Все эти страшные изменения привели к тому, что с Никой перестал общаться Евтушенко. Он ждал от девушки какого-то ещё большего чуда, этого не произошло, и поэт разочаровался, прекратив всяческое с ней общение. Ника почувствовала, что в ней, живом человеке, разочаровались, и находила спасение в пагубных привычках и дурных компаниях. Быть может, если б Евтушенко был с ней рядом, ничего дурного не произошло. Сказка гениальной девочки оборвалась так же быстро, как и началась.

В 1989 году режиссёр Аян Шахмалиева пригласила Нику в свой фильм «Это было у моря», где девушка сыграла одну из главных ролей ‒ Свету Дзугутову. Картина о жестоких нравах воспитанников специального интерната – детей с проблемами позвоночника.

После выхода фильма в жизни Турбиной наступило полное забвение, вдобавок ко всему началась перестройка. Ника продолжала писать стихи, но они теперь были никому не нужны. Разваливался Советский Союз, а людей больше интересовало, где купить колбасу, чем новый поэтический сборник.

В 1990 году у девушки произошёл нервный срыв, и она уехала на лечение в Швейцарию. Там она вышла замуж за давнего поклонника своего творчества, а также её лечащего врача – итальянца из Лозанны, профессора-психолога синьора Джованни. Он был старше Ники на шестьдесят лет, имел свою собственную клинику и огромное поместье.

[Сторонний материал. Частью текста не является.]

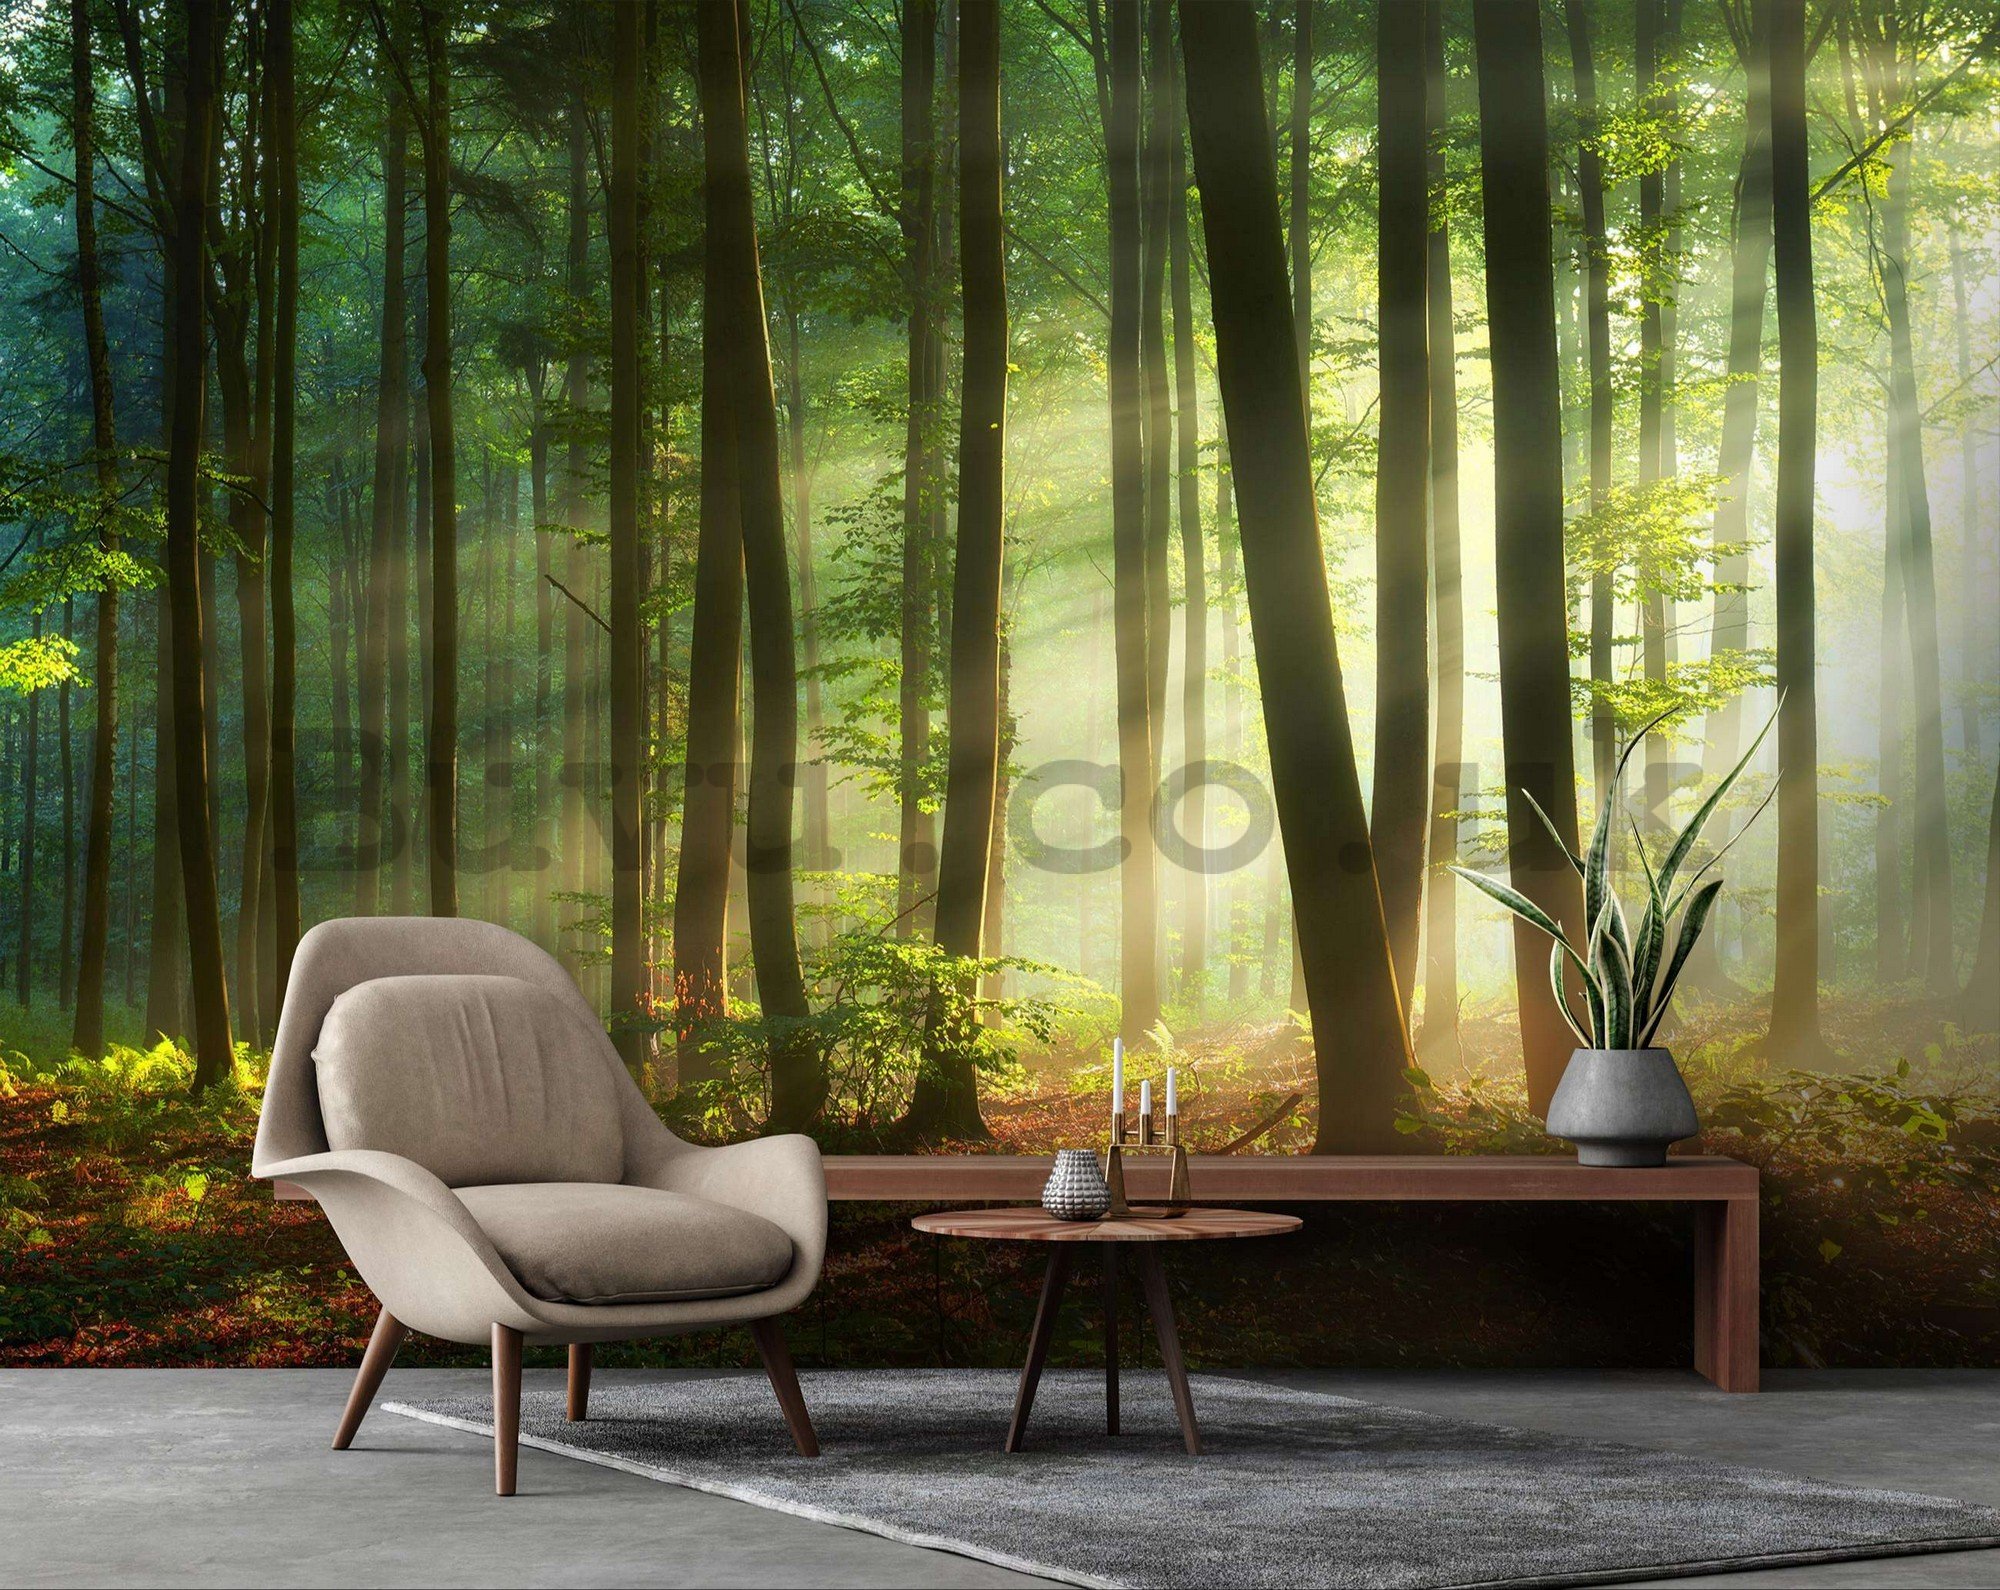 Wall mural vlies: Sunrise in the forest - 416x254 cm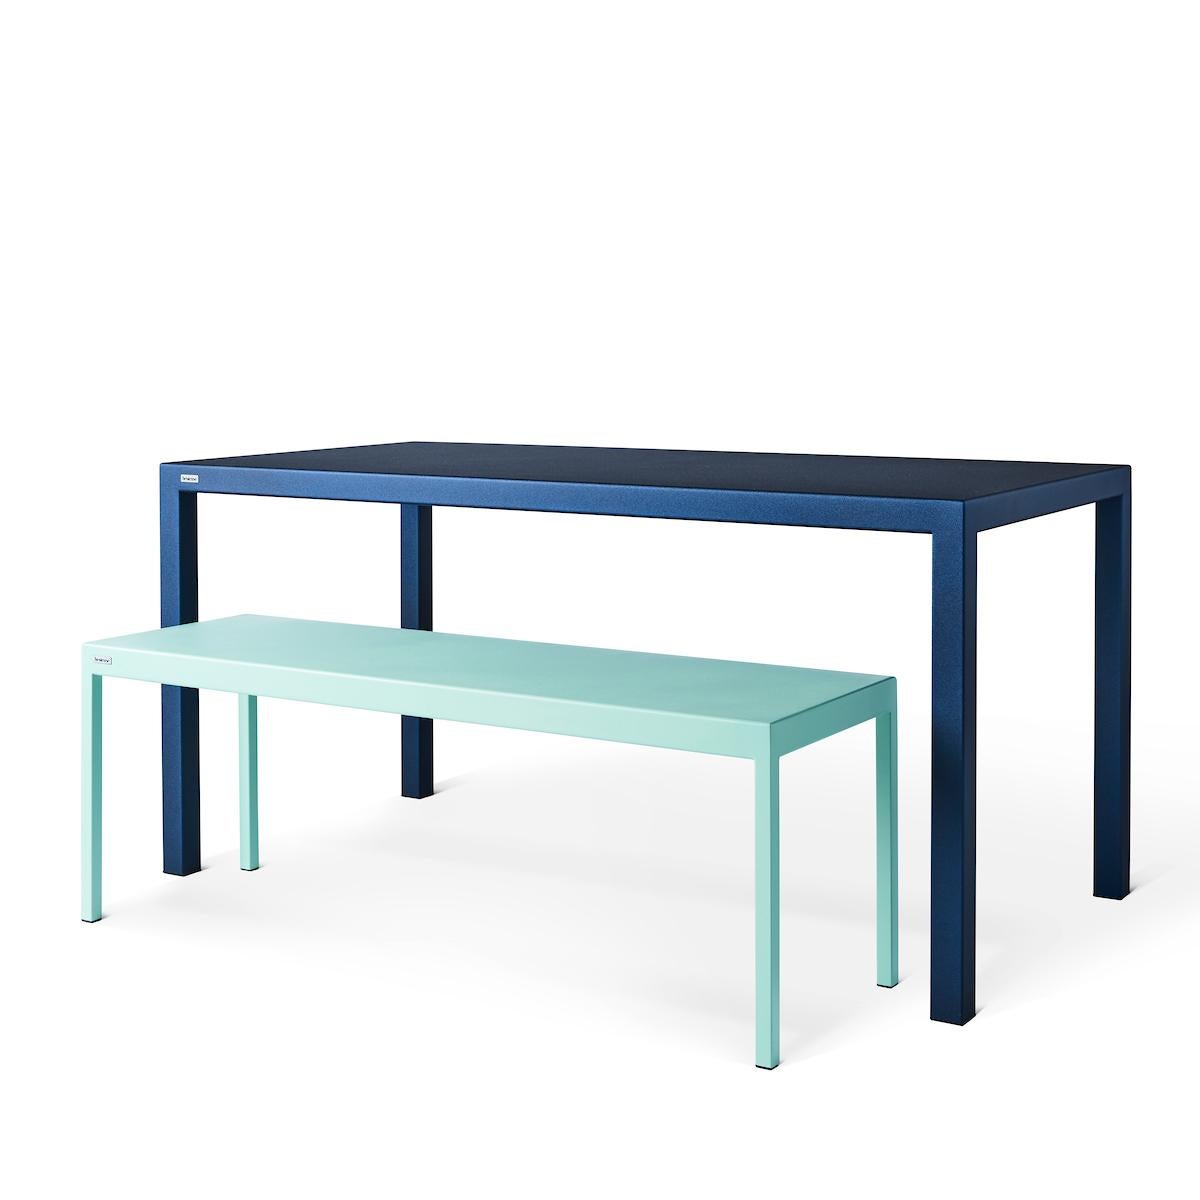 Blue Powder Coated Steel Desk In New Condition For Sale In New York, NY

Через год она вернулась на родину, о своей семейной жизни предпочитала не вспоминать.

Находясь в Швейцарии, вместо того, чтобы вылечиться от нервного срыва, Турбина наоборот начала сильно пить. Приехав в Россию, она долгое время не могла устроиться на работу. Ника поступила во ВГИК на курс Армена Джигарханяна, предпринимала попытки по запуску нового телевизионного проекта о неудавшихся самоубийцах.

Последние годы жизни

С 1994 года Турбина стала студенткой Московского института культуры. Она попала на режиссёрско-актёрский курс к Алёне Галич, дочери поэта Александра Галича, которая стала для девушки не только любимым преподавателем, но и лучшим другом. Несколько раз Ника давала Алёне письменные обещания, что больше никогда не будет пить. Но каждый раз срывалась. При этом в любом состоянии она не переставала писать, на каждом клочке бумаге огрызками карандашей. Только стихи её теперь слушали лишь те, кто желал разделить с ней постель либо рюмку водки.

Потом наступил момент, когда Ника поняла, что рухнуло всё. Из института её отчислили, денег не было, жить стало негде. Всё так резко навалилось, что она почувствовала: сил больше нет, «поехала крыша». Весной 1997 года в нетрезвом состоянии Ника выпала из окна пятого этажа, но чудом осталась жива, зацепившись во время падения за дерево. Мать после этого увезла её в Ялту, где поместила в психиатрическую больницу.

Несмотря на все тяготы жизни, Ника всегда оставалась доброжелательной и ожидала добра по отношению к себе. Она пила, курила, ругалась матом, но при этом никогда не была стервой, не умела мстить, зато могла прощать – по-настоящему, навсегда. Она очень трепетно относилась к жизни, для Ники было невыносимым, если при ней кто-то обижал детей или собак. В ней оставалось что-то по-детски очаровательное и беспомощное, быть может, поэтому абсолютно не возникало чувства брезгливости, которое обычно вызывают опустившиеся люди.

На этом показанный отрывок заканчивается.